TASK OBJECTIVE:
Your answer should consist only of the lines below from the one with "HTB1lHtZOpXXXXXQapXXq6xXFXXXp - Pregnancy" through the one with "convite_diadobibliotecario1 (2)", copied exactly.

DATA FOR PROCESSING:
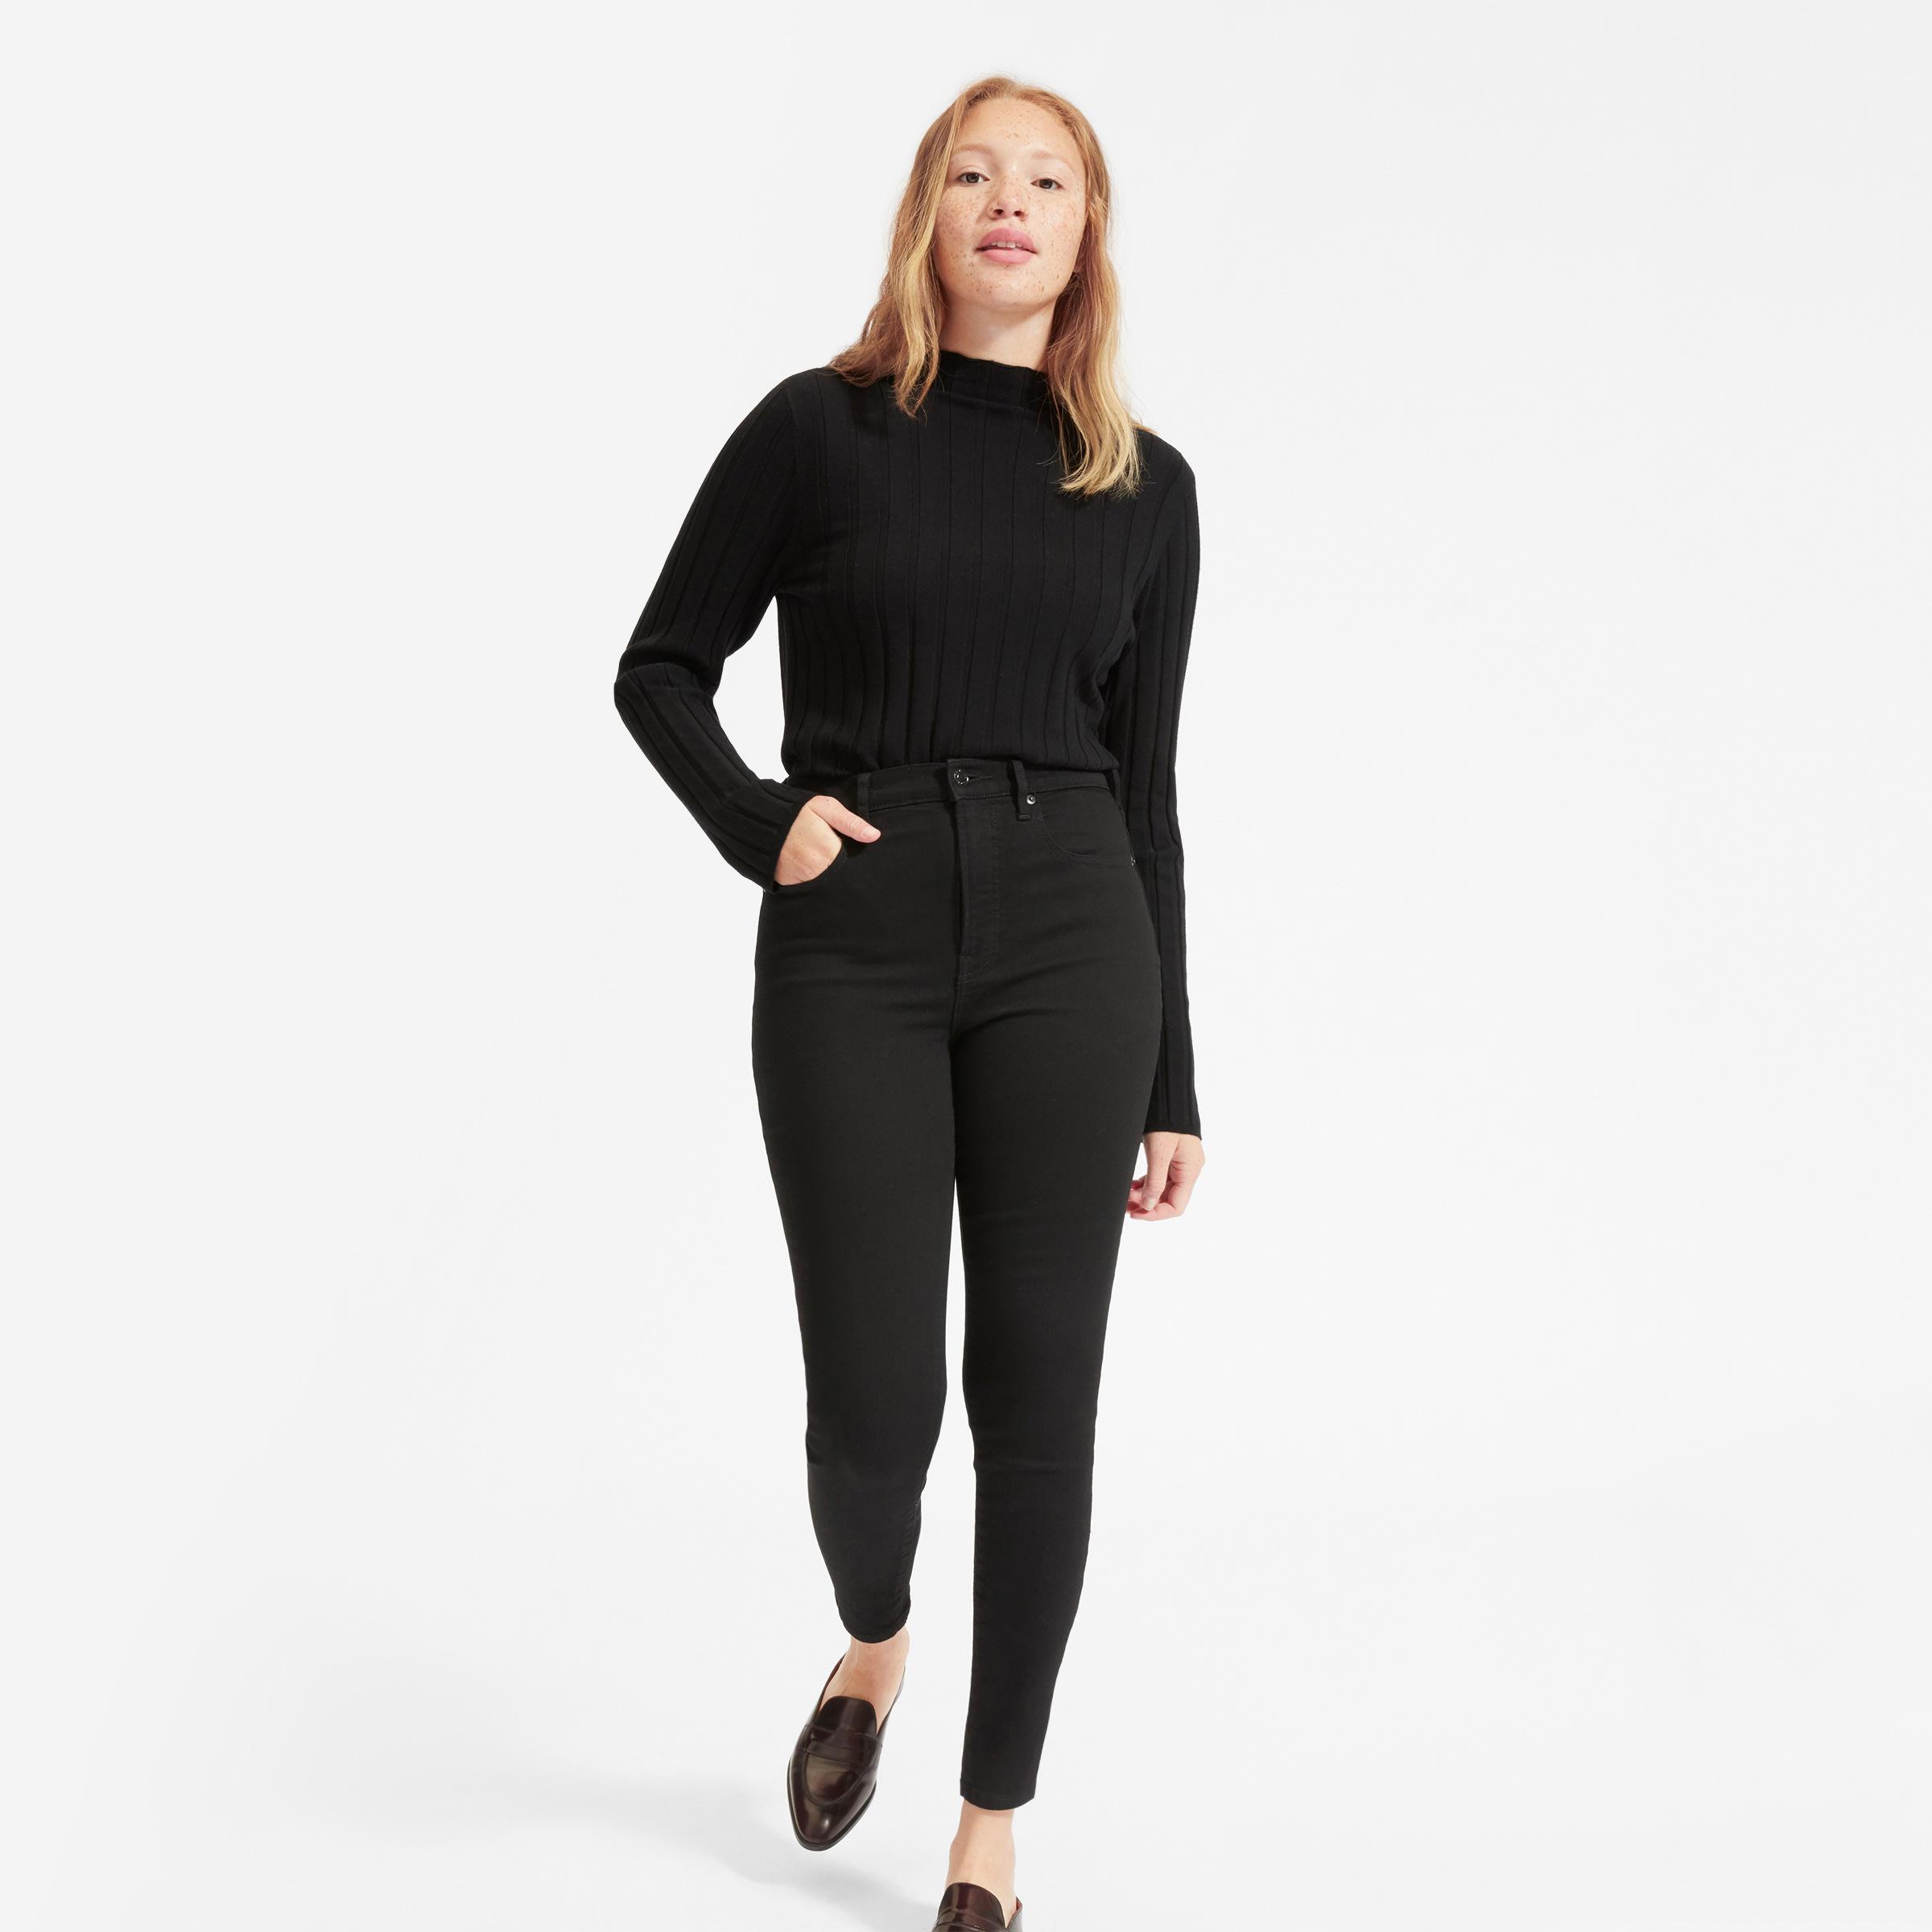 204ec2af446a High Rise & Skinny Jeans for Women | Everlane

...

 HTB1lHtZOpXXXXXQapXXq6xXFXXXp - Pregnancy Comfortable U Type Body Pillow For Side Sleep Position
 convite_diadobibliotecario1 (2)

--

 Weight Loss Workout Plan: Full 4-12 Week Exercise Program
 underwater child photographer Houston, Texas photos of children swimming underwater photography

RESULT OF THIS EXERCISE:
 HTB1lHtZOpXXXXXQapXXq6xXFXXXp - Pregnancy Comfortable U Type Body Pillow For Side Sleep Position
 convite_diadobibliotecario1 (2)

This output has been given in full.